What the task asks => Copy each line of the records that includes "Antique".

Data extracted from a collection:
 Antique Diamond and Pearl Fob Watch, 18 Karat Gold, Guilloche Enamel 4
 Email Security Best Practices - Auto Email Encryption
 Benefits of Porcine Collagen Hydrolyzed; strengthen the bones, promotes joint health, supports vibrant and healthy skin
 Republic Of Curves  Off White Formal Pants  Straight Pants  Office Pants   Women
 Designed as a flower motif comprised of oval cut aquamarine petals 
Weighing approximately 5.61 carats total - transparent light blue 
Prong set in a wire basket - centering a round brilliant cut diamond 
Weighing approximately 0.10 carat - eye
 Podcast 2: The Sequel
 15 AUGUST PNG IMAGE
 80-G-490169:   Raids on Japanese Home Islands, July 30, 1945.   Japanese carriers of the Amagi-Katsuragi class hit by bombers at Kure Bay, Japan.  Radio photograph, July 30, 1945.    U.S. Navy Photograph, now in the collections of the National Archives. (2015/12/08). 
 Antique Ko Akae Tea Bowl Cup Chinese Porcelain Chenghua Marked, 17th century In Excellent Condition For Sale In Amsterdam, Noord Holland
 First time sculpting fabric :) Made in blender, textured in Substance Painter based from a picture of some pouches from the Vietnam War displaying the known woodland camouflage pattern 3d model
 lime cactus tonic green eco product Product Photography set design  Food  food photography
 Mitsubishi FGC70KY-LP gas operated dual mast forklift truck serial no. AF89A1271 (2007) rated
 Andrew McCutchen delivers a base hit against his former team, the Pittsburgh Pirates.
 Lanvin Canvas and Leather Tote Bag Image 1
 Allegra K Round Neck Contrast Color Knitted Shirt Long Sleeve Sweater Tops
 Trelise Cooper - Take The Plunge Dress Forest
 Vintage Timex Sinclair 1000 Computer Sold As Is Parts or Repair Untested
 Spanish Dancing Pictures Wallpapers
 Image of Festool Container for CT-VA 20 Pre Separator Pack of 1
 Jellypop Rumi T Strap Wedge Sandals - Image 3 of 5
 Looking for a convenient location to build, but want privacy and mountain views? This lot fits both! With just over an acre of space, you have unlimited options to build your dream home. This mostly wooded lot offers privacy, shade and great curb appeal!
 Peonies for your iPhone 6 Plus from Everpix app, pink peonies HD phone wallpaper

Written response =>
 Antique Diamond and Pearl Fob Watch, 18 Karat Gold, Guilloche Enamel 4
 Antique Ko Akae Tea Bowl Cup Chinese Porcelain Chenghua Marked, 17th century In Excellent Condition For Sale In Amsterdam, Noord Holland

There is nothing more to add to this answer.